NOVITÀ EDITORIALE “CENNO STORICO”
“delle opere pubbliche eseguite nel Regno di Napoli”
“sotto l’augusta dinastia dei Borboni”
di
Angelo Forgione
Da grande
appassionato di cultura di Napoli ho indagato molto per comprendere quanto
anche la sua storia fosse articolata e affascinante.
La Città è stata
protagonista tra il Seicento e il Novecento di un’incredibile produzione
culturale sviluppata in un territorio senza peso politico nello scenario
europeo e penalizzato da una piattaforma sociale molto complessa.
L’Unità l’ha
vista protagonista, nel momento in cui era di fatto l’unica metropoli europea
d’Italia, meritevole del ruolo di capitale che invece Torino prese per sé.
La
dinastia borbonica è stata ovviamente rivestita di una considerazione non
lusinghiera, che è però, a distanza di un secolo e mezzo, in fase di una più
attenta rivisitazione, quanto mai necessaria.
Cosa accadde veramente in quel
preciso periodo storico?
Erano quei sovrani dei tiranni reazionari e
assolutisti da condannare tout court o semplici pedine sullo scacchiere
geopolitico europeo dell’epoca non in grado di opporsi a un progetto
politico-economico su scala internazionale?

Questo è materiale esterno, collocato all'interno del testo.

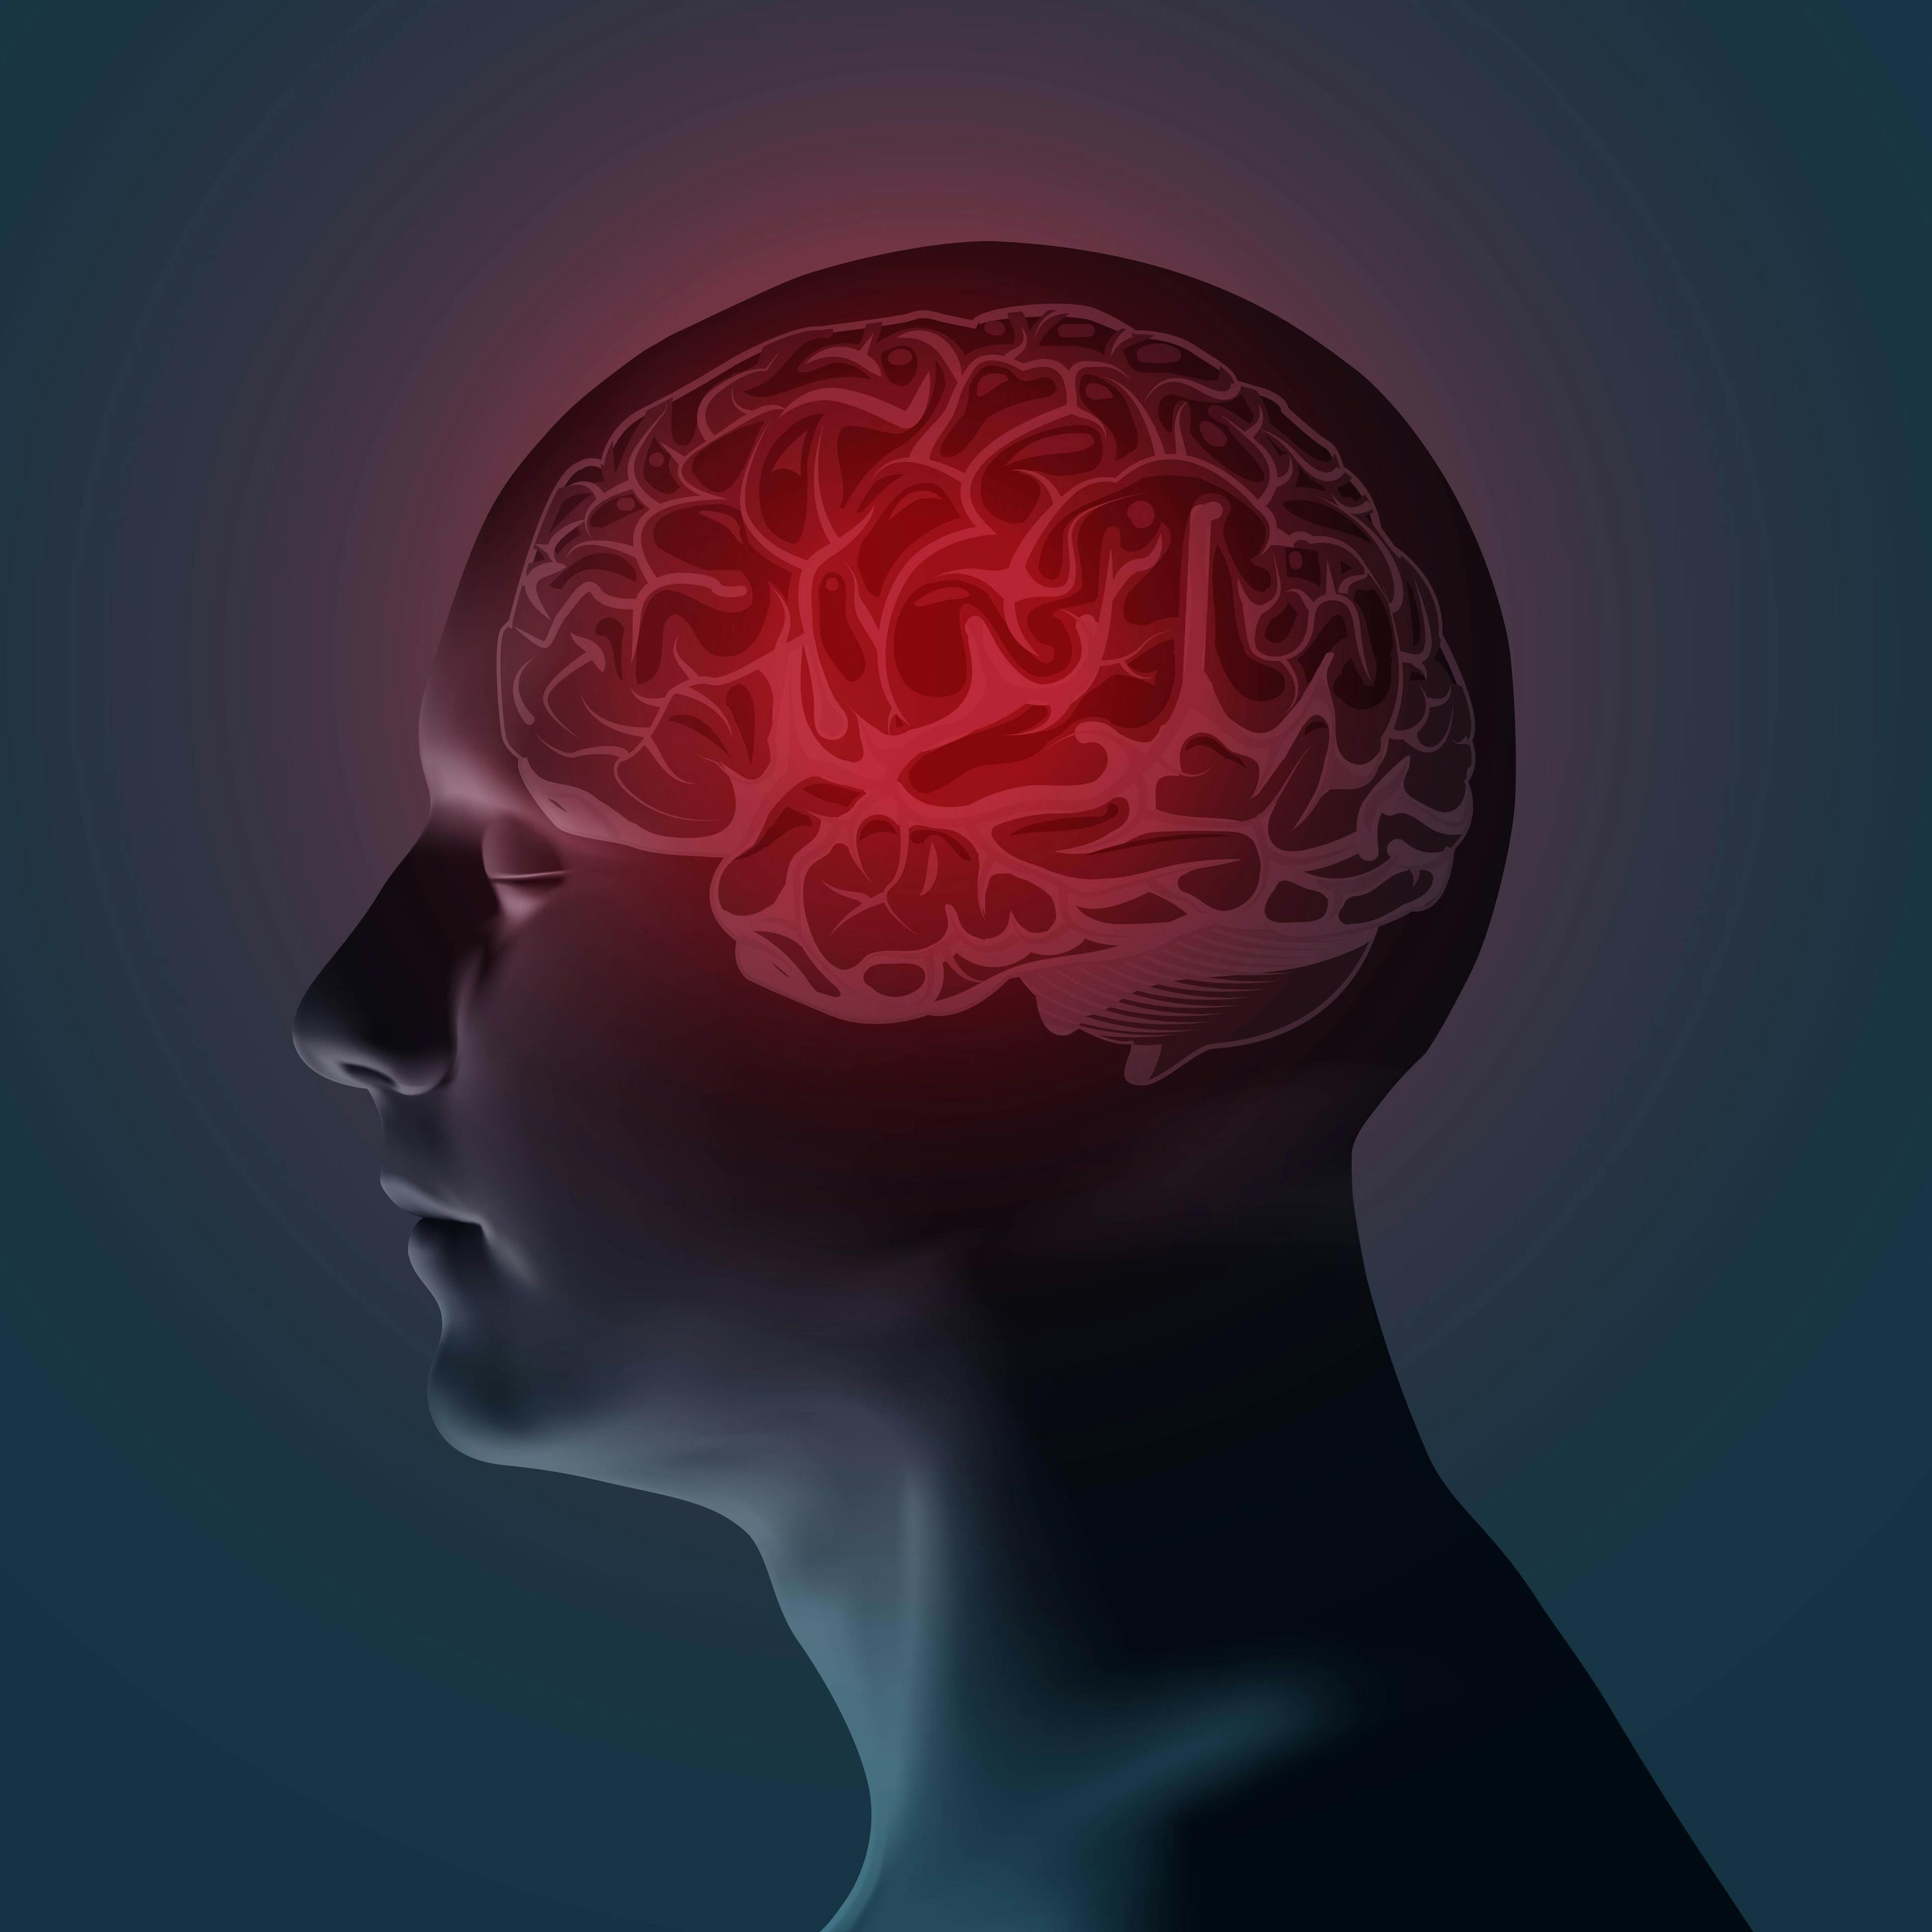 Study: Abbott’s 2 Blood-Based Biomarkers Can Predict Severity of Traumatic Brain Injury

L’errore da non commettere è quello
di descrivere il Mezzogiorno peninsulare d’Italia alla vigilia dell’Unità come
una sorta di terzo mondo immerso in quel retrogrado immobilismo che sarebbe
stato imposto da Ferdinando II.
La visione degli sconvolgimenti ottocenteschi
merita di uscire dalla narrazione celebrativa del potere affermatosi in
seguito, per contemplare un quadro più complesso a tinte diverse e variopinte,
una tela sorprendentemente attuale di cui Napoli è parte non trascurabile.
Il continuo collasso
dell’economia italiana dei nostri giorni, già penalizzata da un più ampio
processo occidentale, fornisce una chiave di lettura dell’operato del quarto
sovrano borbonico di Napoli, la cui politica protezionistica, accusata dalla
storiografia liberale, fu ispirata dal giurista Luigi de’ Medici, presidente
del consiglio dei ministri dal 1816 fino alla morte del 1830.
L’esperienza
governativa del capo di governo mirò al risanamento delle finanze e al
rafforzamento della flotta mercantile, e questi due obiettivi programmatici
consentono di capire meglio l’azione del Re.
La prima metà
dell’Ottocento è il periodo storico in cui l’economia europea si plasmò secondo
i precisi dettami in cui siamo oggi immersi.
Il secolo precedente aveva fornito
due paradigmi assoluti: quello fondativo di Antonio Genovesi a Napoli, ovvero
l’Economia Civile, e quello immediatamente successivo dell’Economia Politica
dello scozzese Adam Smith, considerato erroneamente il primo economista
classico e padre dell’Economia moderna.
In realtà, i primi fondamenti furono
posti nel Regno di Napoli da un intellettuale la cui opera è stata in buona
parte eclissata per motivi evincibili da una più attenta riflessione sui
tragici problemi che affliggono la Comunità Europea di oggi e, soprattutto, un
Mezzogiorno che non riesce a riavviare il suo motore economico.
Genovesi
osservò la società napoletana del Settecento, individuando i freni alle sue
ottime potenzialità e considerando l’economia un affare civile, quindi del
popolo, che desse opportunità a tutti, in modo da bandire l’assistenzialismo
degenerativo.
Creò i presupposti per l’implosione del sistema feudale, per
l’avvio dell’iniziativa privata e il libero commercio, e per le trasformazioni
sociali di fine Settecento e dell’Ottocento.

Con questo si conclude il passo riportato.